Поступок требовал, чтобы Гедда его свершила. Потому она огляделась в поисках ответа, который должен был найтись. И он нашелся. На стене туннеля у подножия лестницы висела доска с массой ключей и отверток самой разной длины на просмоленных бечевках и разлохмаченных веревочках. Меток на ключах не было. Гедда попробовала один, другой и поняла, что нужен ключ потолще и подлиннее. Она поискала и нашла такой.
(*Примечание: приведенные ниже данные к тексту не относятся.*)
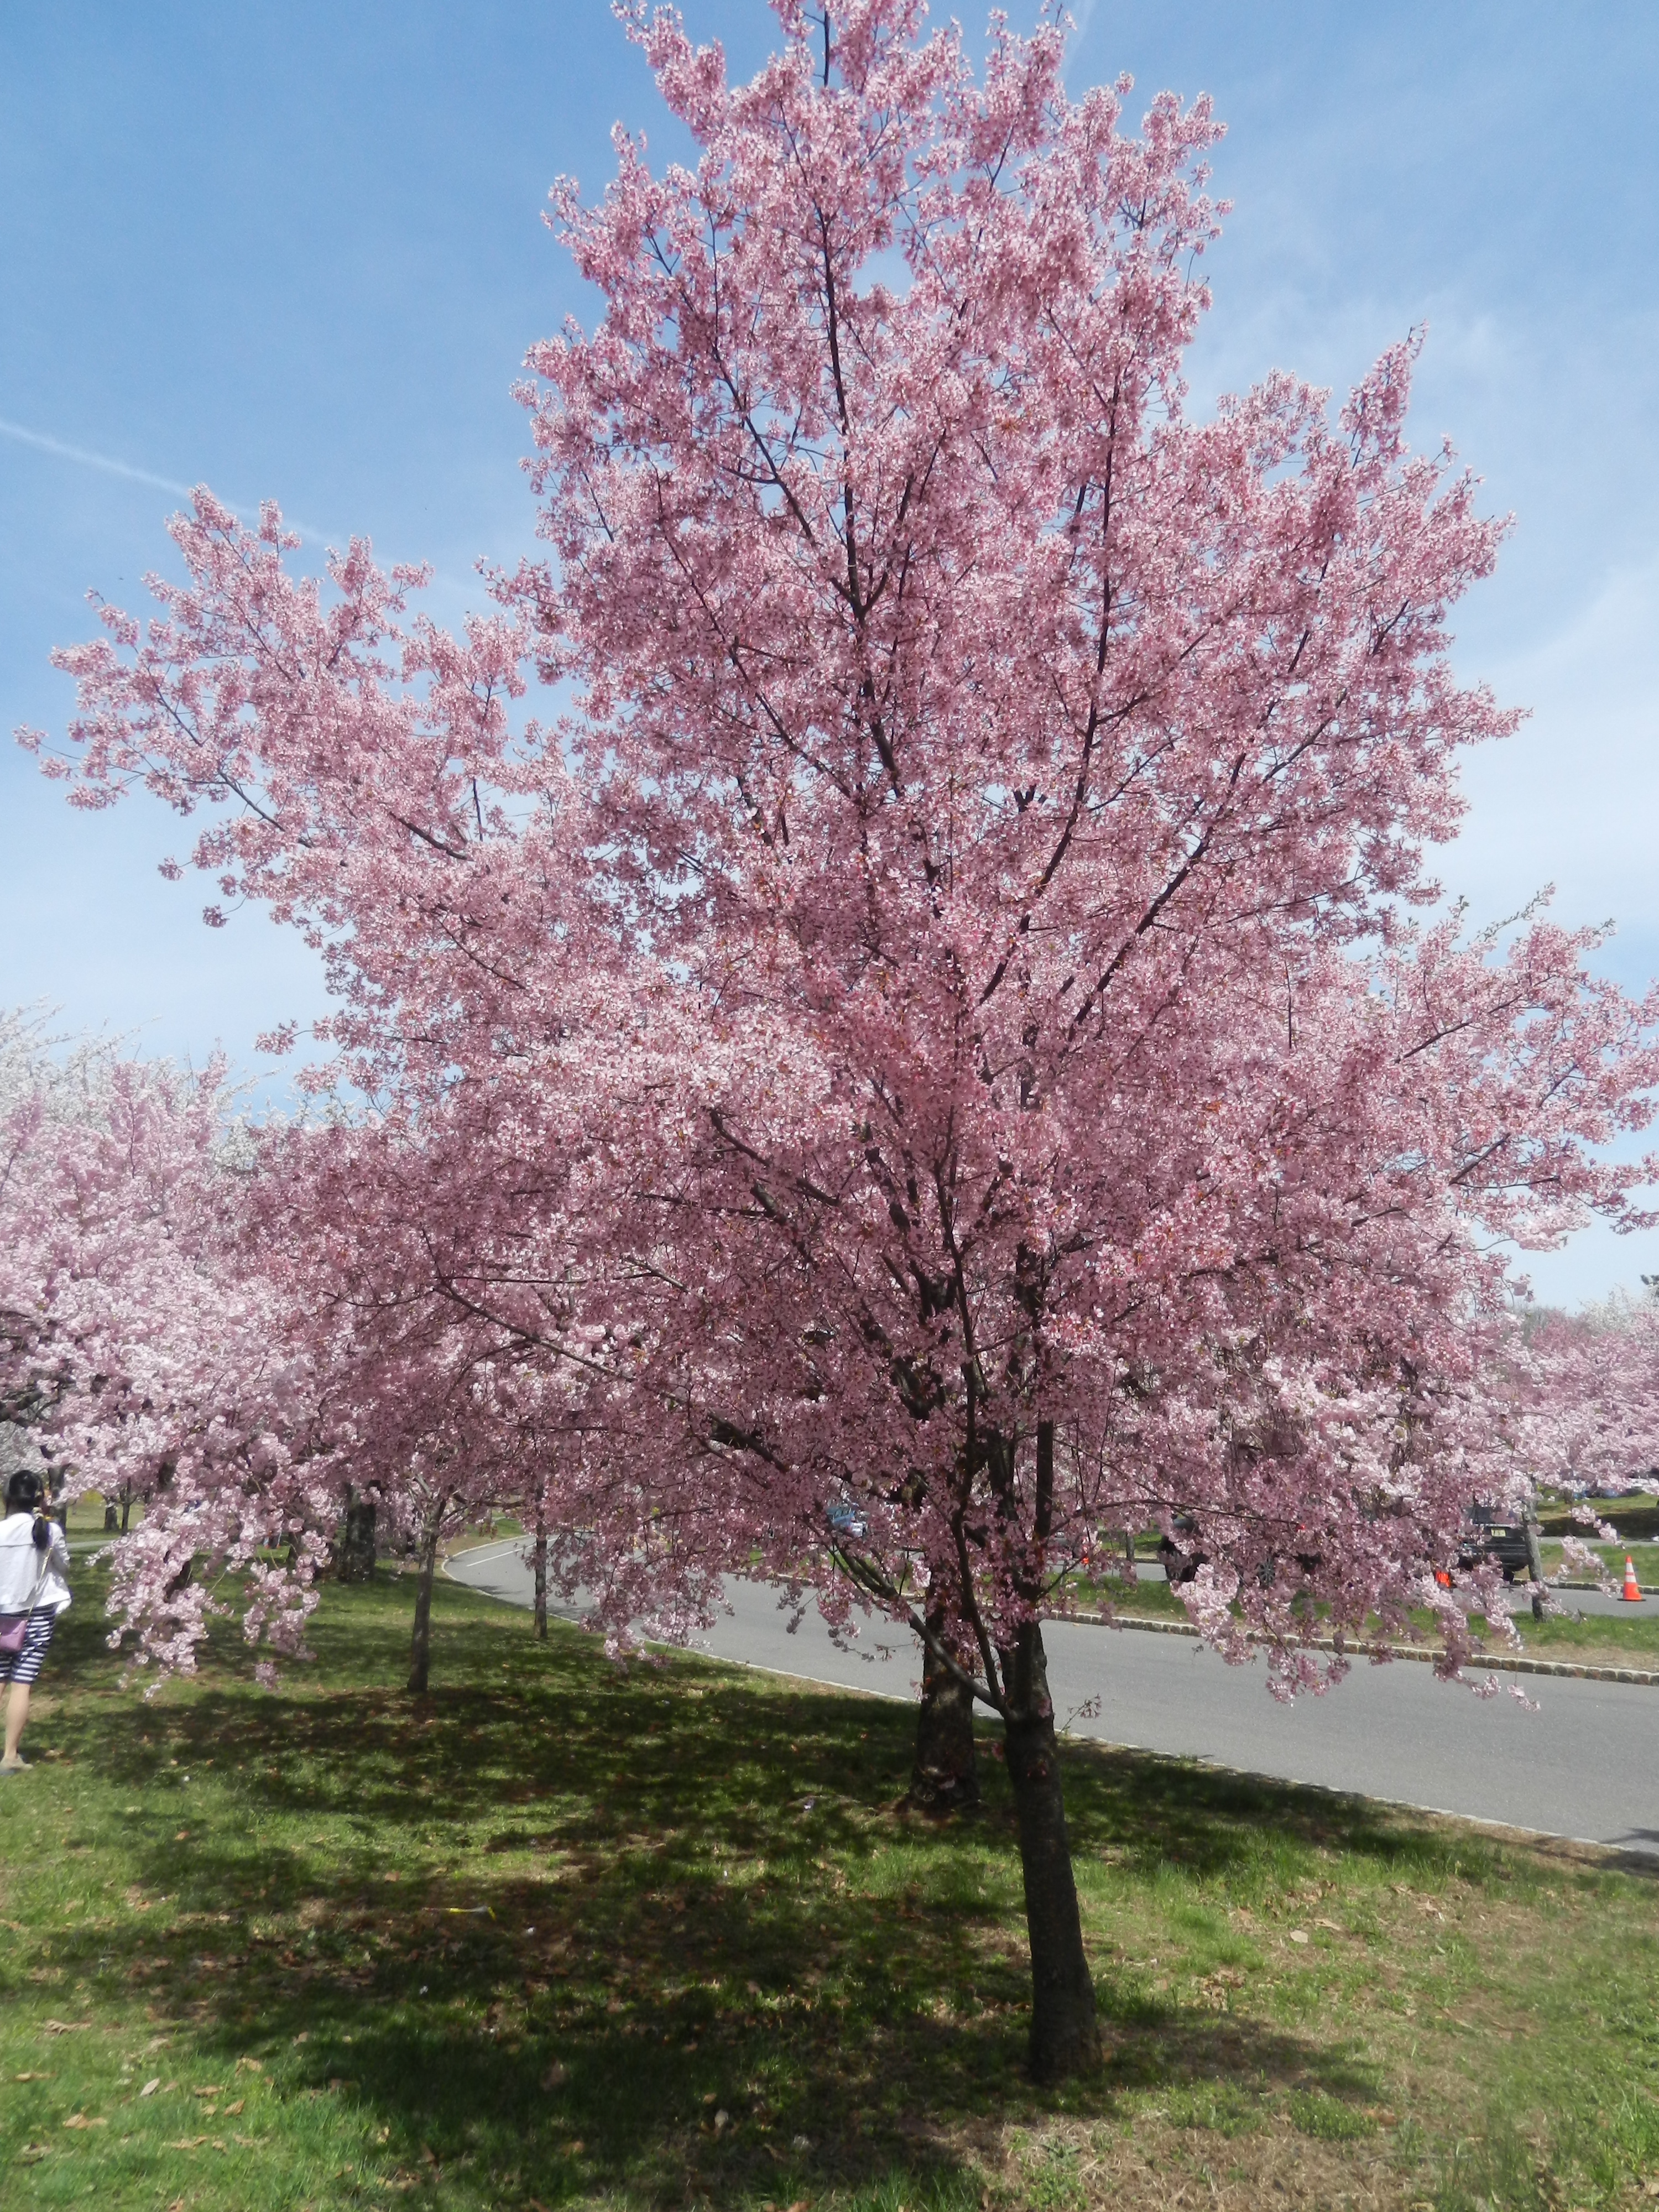 Newark Cherry Blossom Festival and Vegan Meals Vegan World Trekker

Дверь с тяжким скрежетом отворилась.
И вот они, витрины с золотом и серебром, сверкают перед Геддой в лунном свете. Она подошла поближе. Вот реликварий, вот Глостерский канделябр. Хранителей сокровищ поблизости не было.
Если удастся разбить стекло не слишком громко, она успеет серьезно попортить что-нибудь. Она вспотела. Ей было холодно. Она сняла пальто, завернула в него большой острый кремень и осторожно размахнулась. Стекло выдержало. Гедда, исполнясь ненависти, ударила со всей силы. Стеклянный гроб раскололся, стены пали. Удар был приглушенный, но осколки зазвенели на кафельном полу.
Она взяла один из дандженесских камней и ударила по небольшому потиру. Тот поцарапался, но не погнулся. Гедда по-прежнему была одна в высоком зале. Она швырнула на пол филигранную ложечку для причастия — вышло тихо из-за бархатного ковра, приглушившего звук. Гедда обратила все внимание на канделябр.
Вот он перед ней — неповторимый, загадочный, энергичное сплетение драконов, бесенят, листьев, шлемоносных воинов. Ужасно странное ощущение. Она вспомнила, как Том в древесном доме читал вслух Теннисона. Канделябр был подобен вратам, ведущим в Камелот.
…переплетенья
Ветвей, драконов и эмблем эльфийских
Пришли в движенье, бурно закружились; обратясь к Гарету,
Вскричали слуги: «Принц, врата живые!»
И Гедда действительно узрела в канделябре метаморфозы, карабканье, мельканье. Надо его уничтожить. Вместо этого она глупо швырнула в него дырчатый камень Тома. Камень отскочил от зверя, которого разил кинжалом гном. Гедда упала на колени, и тут с топотом и скрипом вбежали охранники и не слишком бережно подняли ее на ноги.
Ее заперли в полицейском участке, а потом судили. Она знала, что от нее разит страхом, и потому на скамье подсудимых стояла прямо, хотя дрожь сотрясала ее сверху донизу и снизу доверху, словно в родах. Несколько женщин из Социально-политического союза пришли ее поддержать, и то, что они ожидали от нее бесстрашия, было частью пытки. Гедда не попросила о встрече с родными. Ее приговорили к году тюремного заключения за повреждение казенного имущества и отправили в Холлоуэйскую тюрьму.
В камере была Библия и книга под названием «Домашняя жизнь христианской семьи». Это ненадолго развеселило Гедду. Ей позволили принять горячую ванну, которая ей была очень нужна, и выдали поношенную, не по размеру одежду, которая тоже была очень нужна, так как ее собственная пропиталась потом испуганного тела.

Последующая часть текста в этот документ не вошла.